Larry Kirwan's solo effort "Kilroy Was Here" slows down a bit. I
want to get back out in front of an audience with just a guitar and see if I
can do it the way I started off in Wexford, so many moons ago. And speaking
of Wexford, it permeates the album - not the successful Wexford of today - but
the one I remember, grey, gloomy, rain-soaked, lightning streets, full of teddyboys,
sailors home on leave, presentation schoolgirls, bookies, messenger boys, Sister
Philip, Tommy Swift, mini minors, Franciscans, altar-boys, culchies on old black
bicycles, country boys sweating in black suits on Curracloe Beach, Sunday walks
to Ferrycarrig, Norman castles, Yola and memories of '98, Eddie Calvert's trumpet,
showbands at the Parish Hall, girls in seamed stockings who thought you were
an eejit, opera and rock & roll all mixed into one grand, big yellowbellied
stew. No wonder I'm so messed up! Still, I want to ... merge the two worlds
I'm a part of - theatre and music, once and for all. The lead instruments
are trumpet and violin, creating a more intimate, jazz sound throughout. The
autobiographic "Life's Like That, Isn't it" tells of the 60s in his native Wexford.

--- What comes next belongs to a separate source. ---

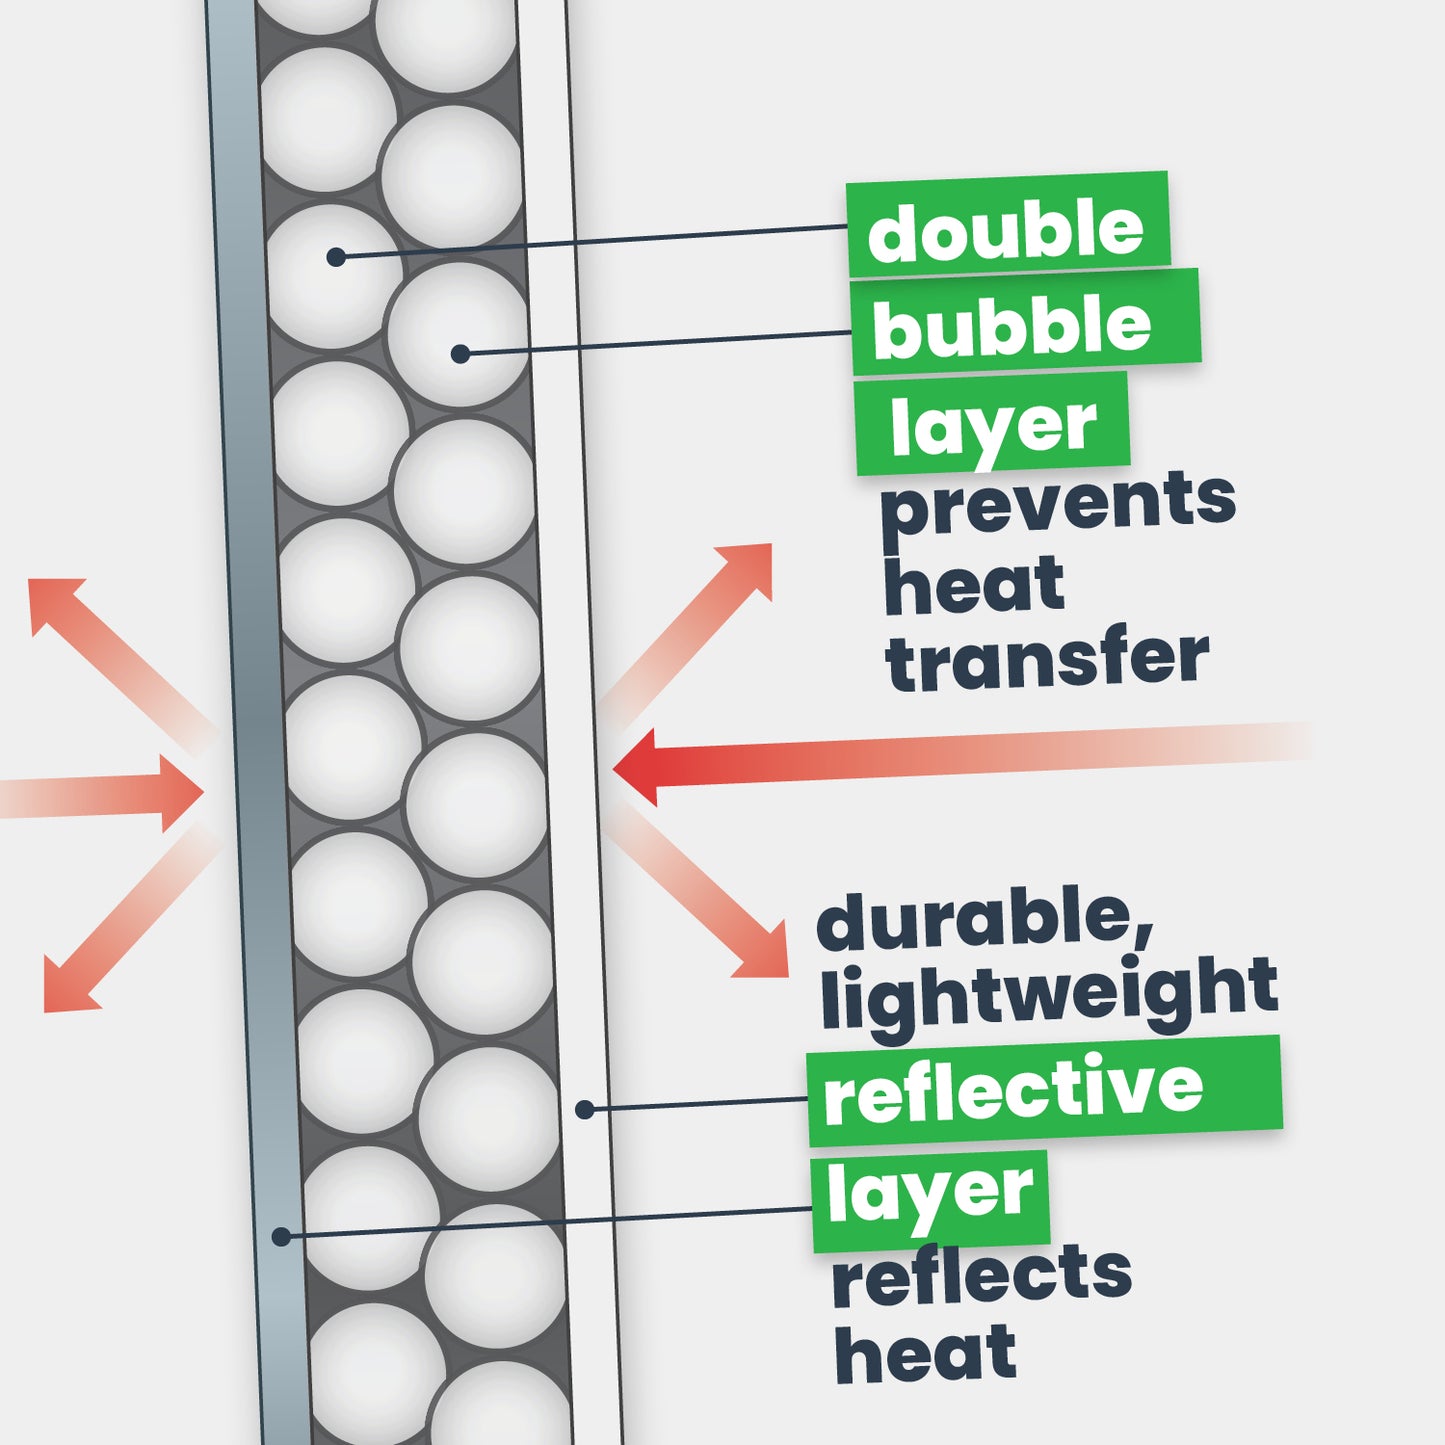 double bubble layer prevents heat transfer. durable, lightweight reflective layer reflects heat

"Molly" is a witty song, falling in love with James
Joyce's heroine. "History of Ireland" tells 900 bloody years in five minutes,
featuring Malachy McCourt in
upper-class voice. "Spanish Moon" remembers Garcia Lorca, Victor Jara and General
Pinochet: The poet lives forever, the general dies alone ...

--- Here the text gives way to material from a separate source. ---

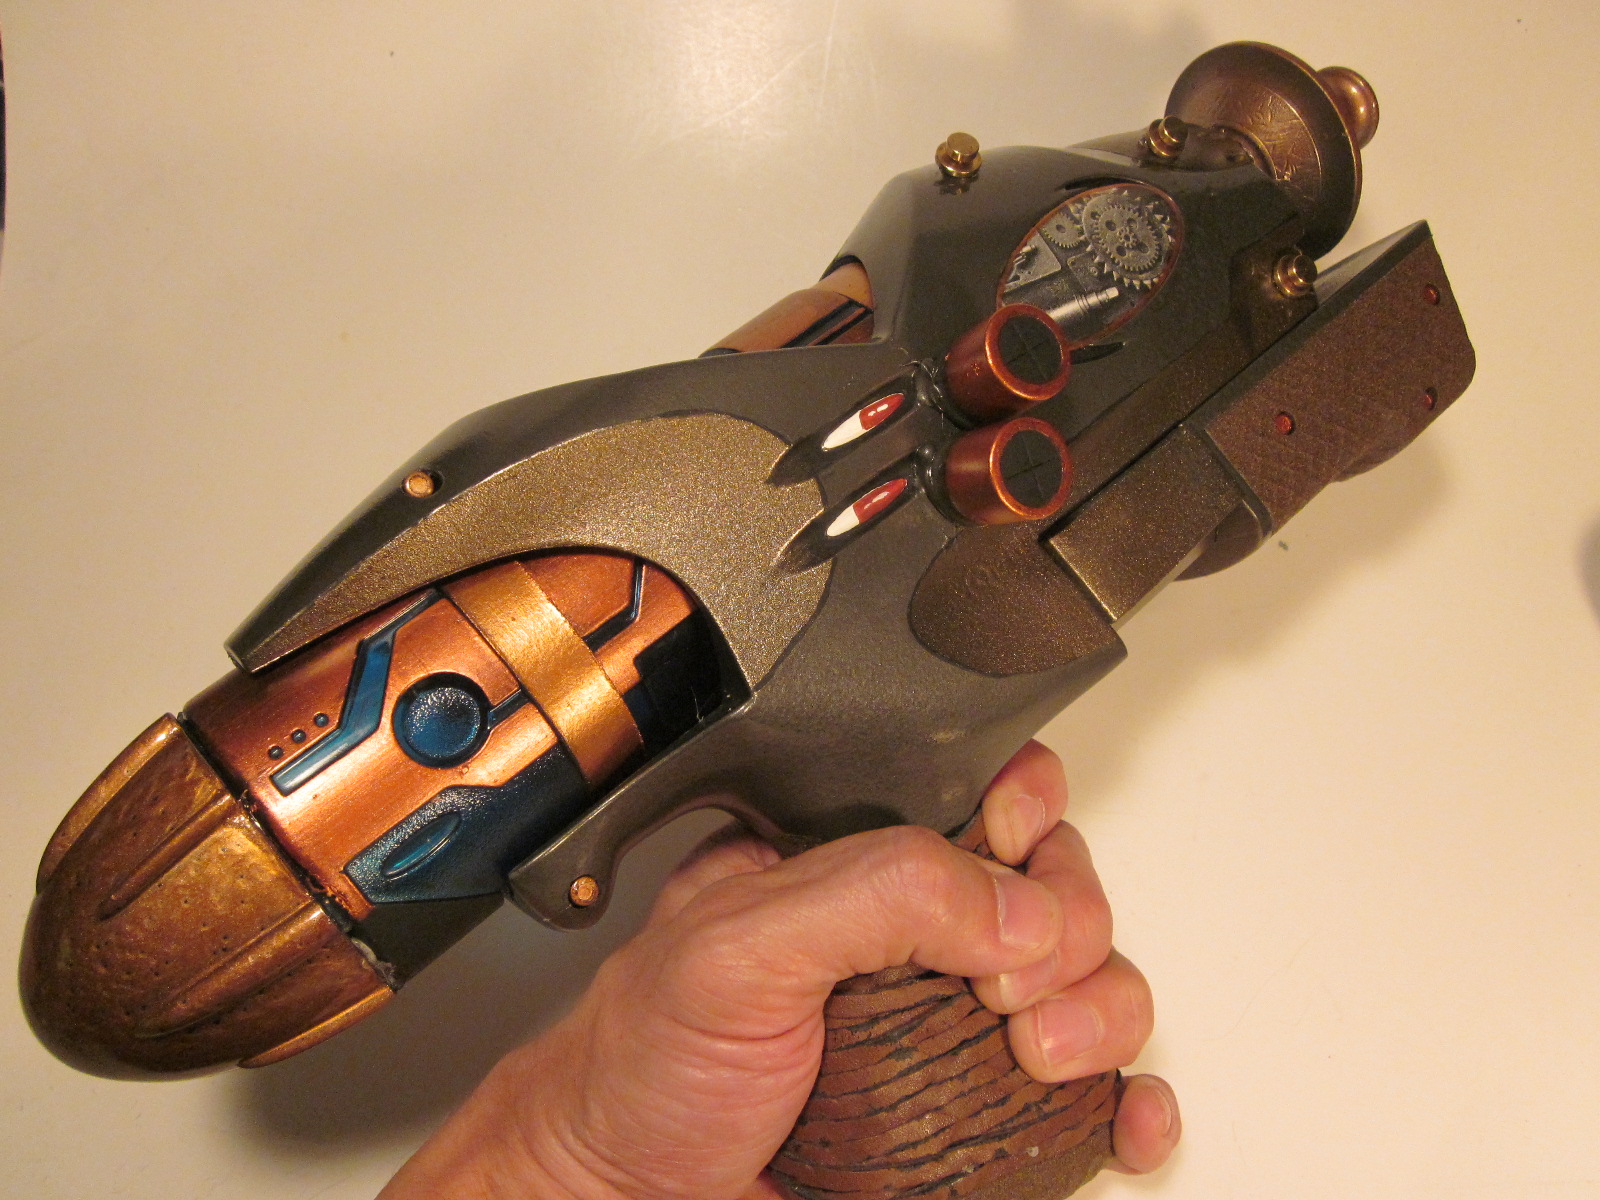 Steampunk Revolver Raygun with lights, full metal body plus wooden grip.  Made this from an older model. Which one do you like better? :  r/sciencefiction

Funny how but at first listening I always furrow a brow or two, but thereafter
I always think it's cool. Since Kirwan is currently collaborating with Tom
Keneally, (author of Schindler's List), on a musical about women convicts being
deported from Ireland to Australia, I'm looking forward with great interest.
The Waterboys "Too Close To Heaven"
Label; 74321881522; 2001; Playing time: 58.20 min
For many people, "Fisherman's Blues", the Waterboys'
flirtation with folk and traditional music, is their best work to date: a
subtle blend of folk's poppier moments and Irish music's rootsy instrumentation.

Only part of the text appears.